Android 11 launched on Google Pixel devices earlier this month, but it will be a while before the update is available for other brands. Samsung, of course, is working hard behind the scenes to bring Android 11 to one of its newest devices, and now we have a look at what’s to come. Here’s a quick look at what the OneUI 3.0 initial beta looks like.
In case you didn’t know, Samsung is holding a closed beta to give developers the chance to test their apps on the company’s Android 11. We were able to get this to work on a computer thanks to a trick in the Samsung Members app on the Galaxy S20 +, but straight away we cleared things up. Don̵
What’s new in OneUI 3.0? This first beta has a few changes, starting with a few tweaks to the user interface. In this update, Samsung is clearly focusing on cleansing the skin and making it feel more natural. One of the first places you’ll see is the lock screen. You will find that the clock is now bigger, centered, and more effectively directing your attention to it. The colors on the icons are now consistent too, and you may notice that the fingerprint sensor icon has changed.
If you move on to the home screen, many of these changes will continue. Samsung’s weather widget, for example, is now centered on the screen, which immediately makes the design a bit more fitting. Another nice touch is the background color of folders, which now goes with the light or dark themes.
Samsung is also adding some more translucent elements to its user interface in Android 11. For notifications, for example, the background elements now only let through a little and the background as a whole has a nice Gaussian blur. This effect is also used behind the multitasking screen. Everything looks best in dark mode if you ask me.
Speaking of dark mode: In OneUI 3.0, the quick switching of settings for this function has apparently been removed.
To round off the changes to the user interface, Samsung has also optimized its animations in OneUI 3.0. They’re a little faster, a little cleaner, and feel thanks to the refresh rate of 120 Hz very smooth. We’ve included some of the new animations in the shots below, but GIFs just don’t do it justice.
In terms of feature enhancements, Android 11’s notification improvements are definitely available on Samsung OneUI 3.0. This also includes the “Conversations” section. Bubbles are there, but they’re buried in the settings menu. Fortunately, they are still enabled by default for supported apps. However, for the same reason, there is another headlining feature of Android 11 that won’t show up in the first beta version of OneUI 3.0 – control of the power menu. By default, Bixby still opens, and even if you dive into the settings there’s still no way to turn on the Power menu controls so useful to Pixels.
However, Android 11’s new media card is present in this build. However, it is also like that great Buggy when playing multiple apps. I also noticed that the search bar is not updating.

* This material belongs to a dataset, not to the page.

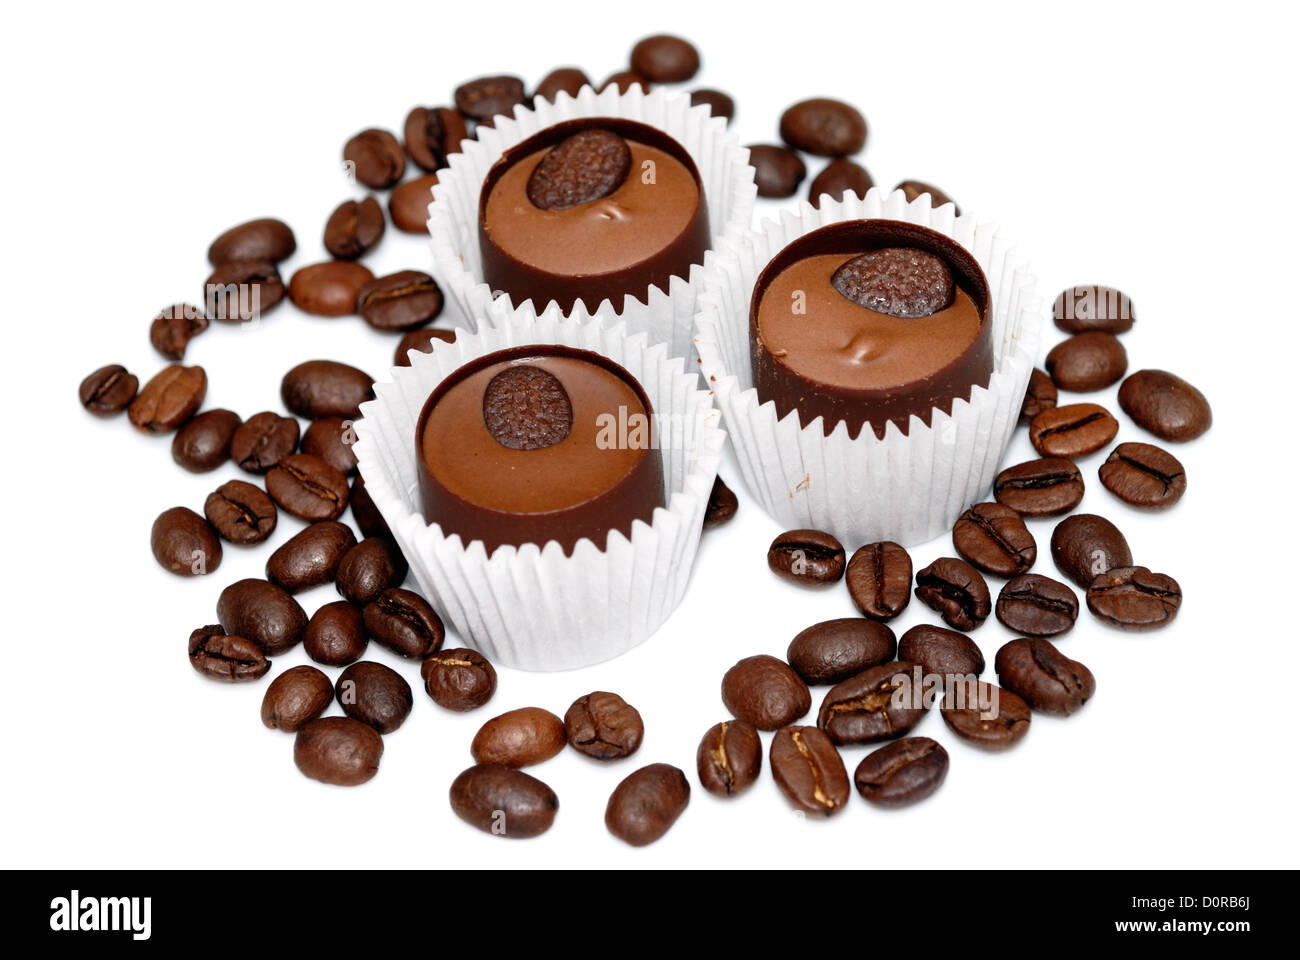 Sweet and coffee beans isolated Stock Photo

Samsung has also made some improvements to its own features. For one, there’s a new high-level shortcut to Android Auto in Samsung’s Settings menu. Another major addition is wireless DeX support. This feature was first available for the Galaxy Note 20 series. Notifications now also have a “brief” and “detailed” popup function. “Detailed” is typical Android behavior, while “Kurz” has a smaller design that also includes edge lighting and works when the display is switched off.
Another small improvement in Samsung’s Android 11 build is the addition of the vertical volume control. It now better fits the current design of Android while maintaining an expandable menu for media, ringtone, and other volume controls.
Aside from these major changes, Samsung has updated a handful of other UI elements. For example, the battery screen no longer buries usage data in a second screen. You can now set a custom wallpaper for the call screen. You can now double-tap the home screen to turn the display off. There are a number of other small changes like this, many of which are with the people XDA have broken down in detail.
Sure, the final versions of Android 11 for Samsung devices are set to change a lot more, but this first beta gives us a good look at what the company is working towards.